Crepes Made Jacques’ Way

2012 09 10 Making Crepes-004

When I want a bit of a change in my breakfast routine, I usually pick crepes; I don’t like to fuss with recipes first thing in the morning either, so this is a GREAT go-to treat for me. There’s no REAL measuring and I can drink my coffee and have a crepe (or five) while I finish cooking the rest for everyone else.

I was too lazy to go look for Jacques’ recipe I have written down, so I pulled up this short video from his show; he didn’t include the actual recipe in the video so I just guess-timated:

2 to 3 T butter, begin melting this in your 10 inch skillet

about 1 cup of flour
a pinch of salt
a couple pinches of sugar

Give the dry ingredients a whisk and then add:

2 eggs
1/4 c. milk (+more)

Whisk it all together until there are no lumps in the batter, then add enough milk to make a very thin batter.

Mix in the melted butter from the frying pan and then add about 1/4 c. of batter to the already buttered skillet. Swirl it around to coat the bottom of the pan and put back on the heat. As the edges begin to curls and the first side begins to brown. Turn the crepe over. Cook until it starts to brown on the other side.

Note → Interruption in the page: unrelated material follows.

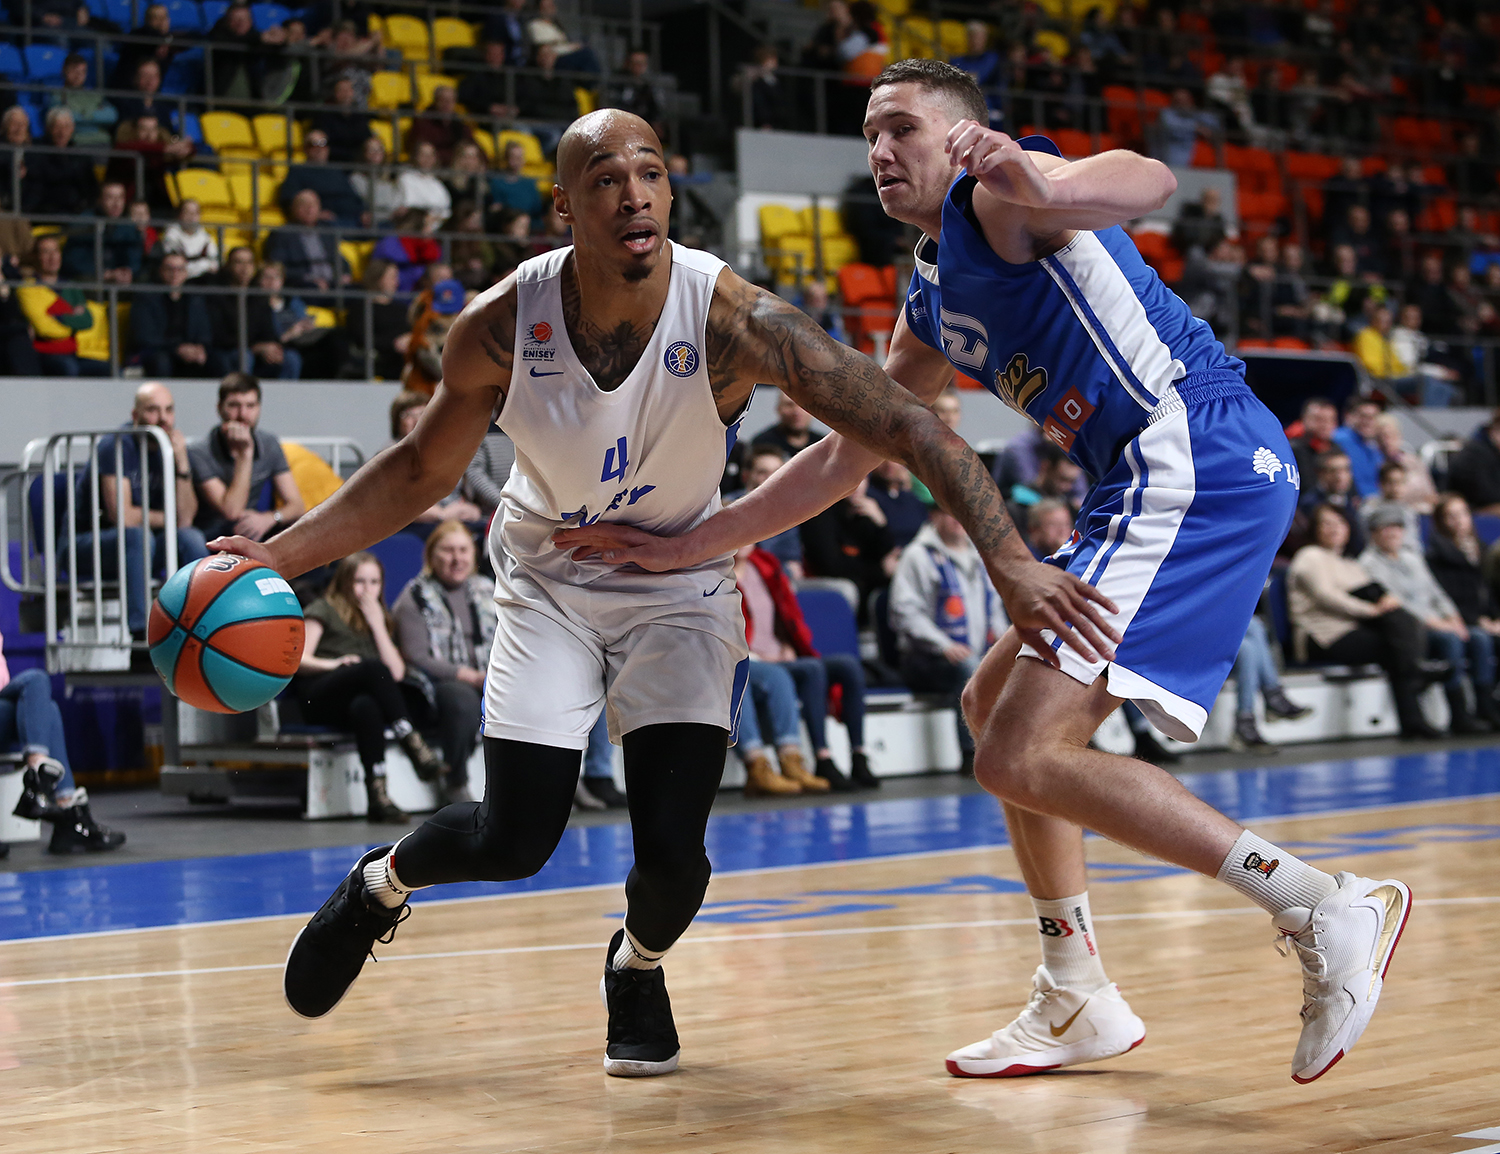 Enisey’s first win over Kalev in three years

Oh just watch Jacques do it here.

Making crepes is not rocket science, but they’re delicious! Fill them or fold them. Eat them with syrup, berries or jam. You can also make savory crepes filled with all sorts of delicious things like asparagus or chicken. The possibilities are nearly endless.

And I have a confession to make; I like to eat leftover crepes plain, straight from the fridge. No butter, no fruit, no jam. Just plain.